Fran Curran

Personal information
- Born: September 9, 1922 Sterling, Illinois, U.S.
- Died: September 18, 2004 (aged 82) Benton, Pennsylvania, U.S.
- Listed height: 6 ft 0 in (1.83 m)
- Listed weight: 175 lb (79 kg)

Career information
- High school: Luzerne (Luzerne, Pennsylvania)
- College: Notre Dame (1941–1943, 1946–1947)
- BAA draft: 1947: undrafted
- Playing career: 1947–1950
- Position: Guard
- Number: 15

Career history
- 1947–1948: Toledo Jeeps
- 1948–1950: Rochester Royals
- Stats at NBA.com
- Stats at Basketball Reference

= Fran Curran =

American basketball player

Francis Hugh Curran Sr. (September 9, 1922 – September 18, 2004) was an American professional basketball player.
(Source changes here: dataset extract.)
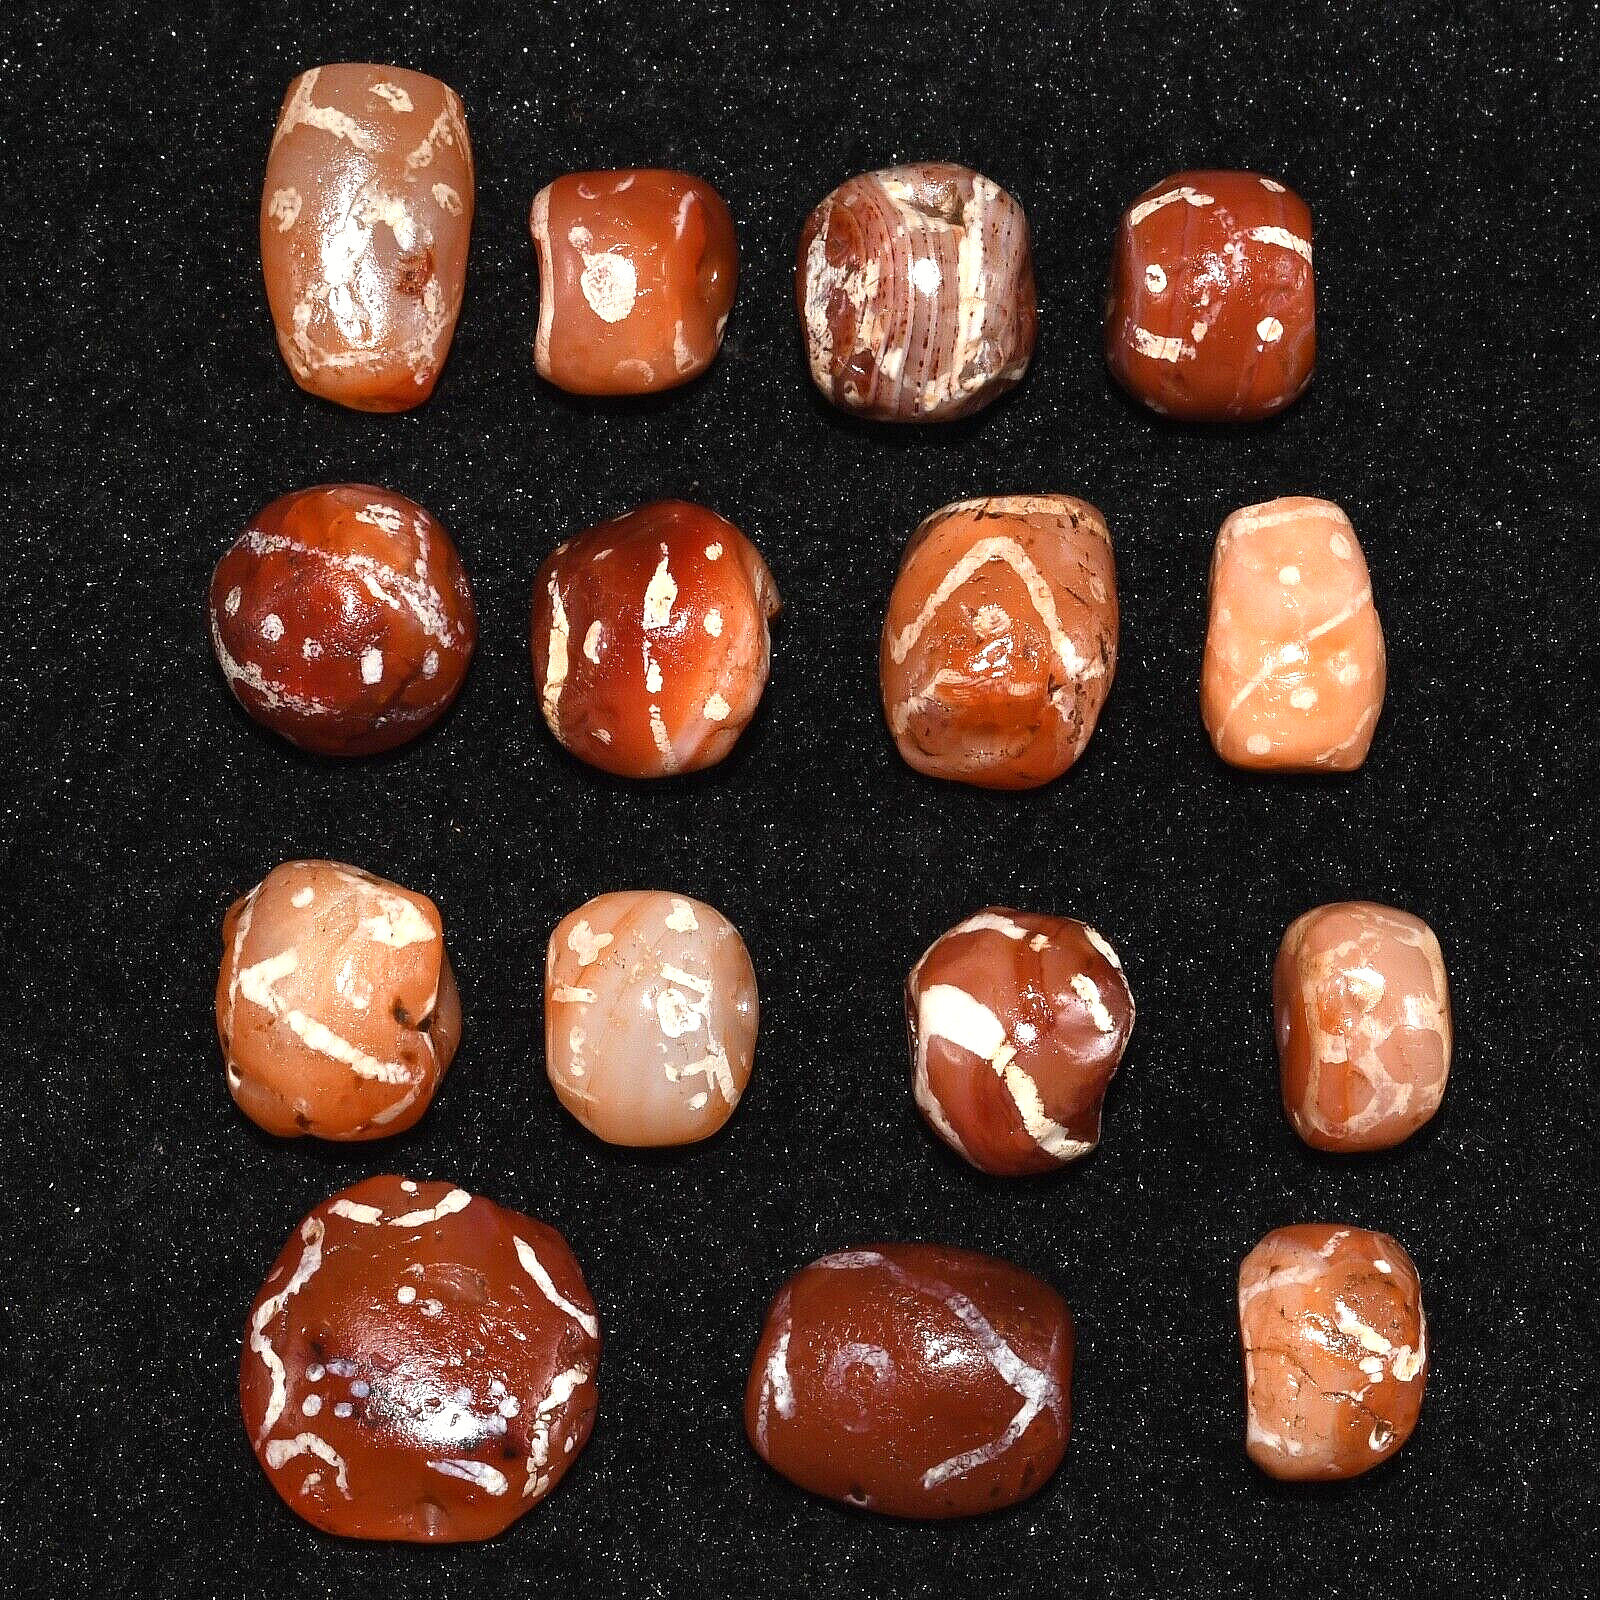 Lot Sale 15 Ancient Central Asian Etched Carnelian Beads over 2000 Years Old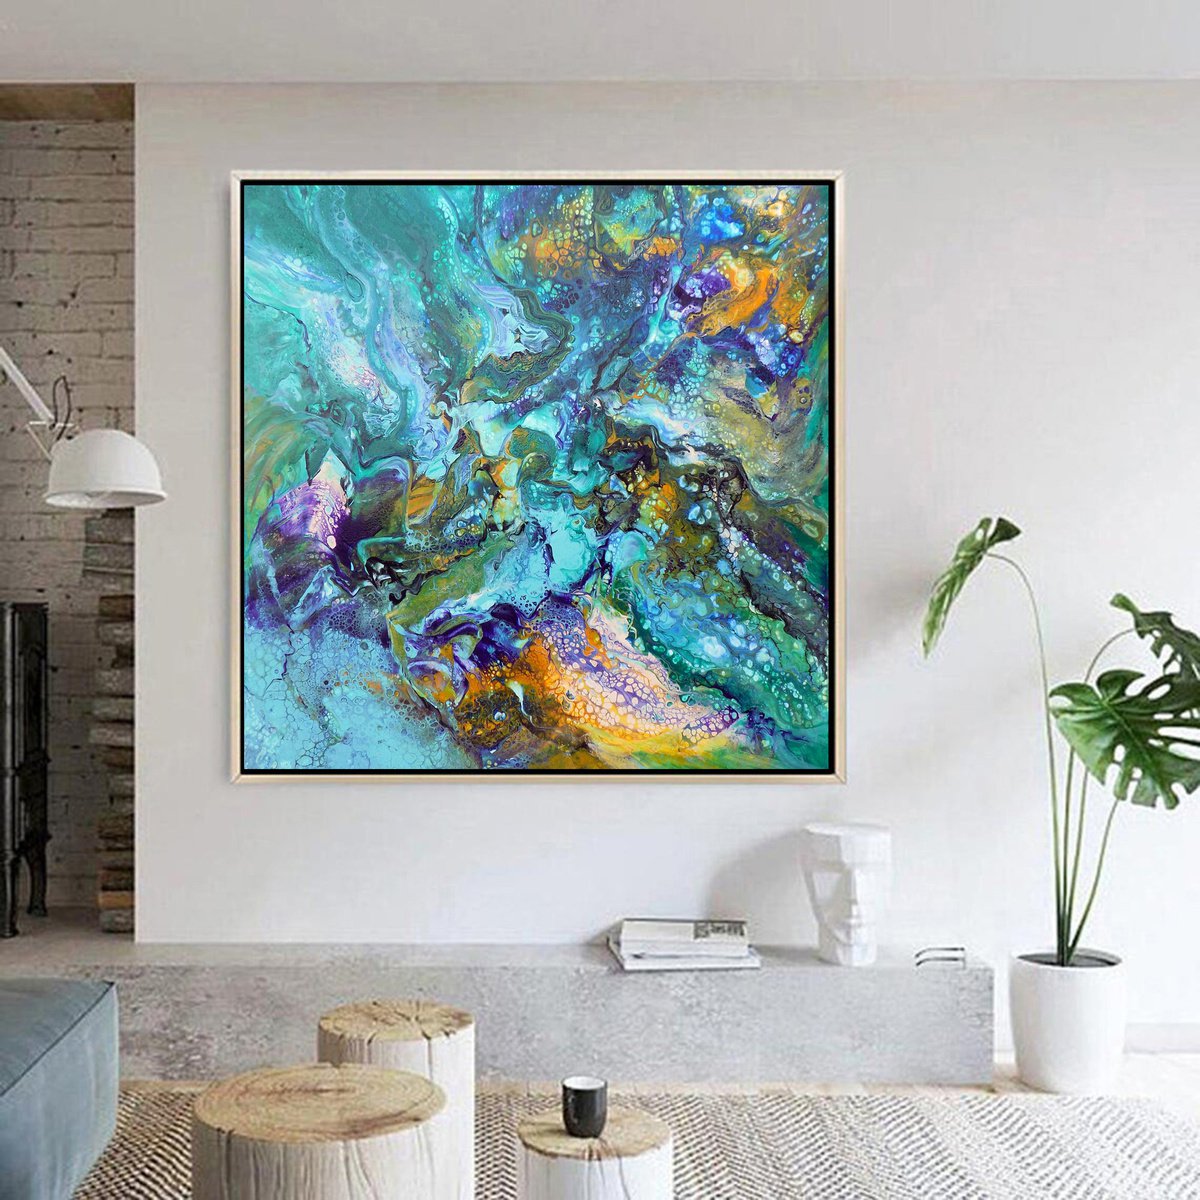 Large modern abstract painting art - Imagination Acrylic painting by ...

He spent one season in the Basketball Association of America (BAA) and one season in the BAA's later incarnation, the National Basketball Association (NBA). He played with the Rochester Royals during the 1948–49 and 1949–50 seasons. He played college basketball for the Notre Dame Fighting Irish.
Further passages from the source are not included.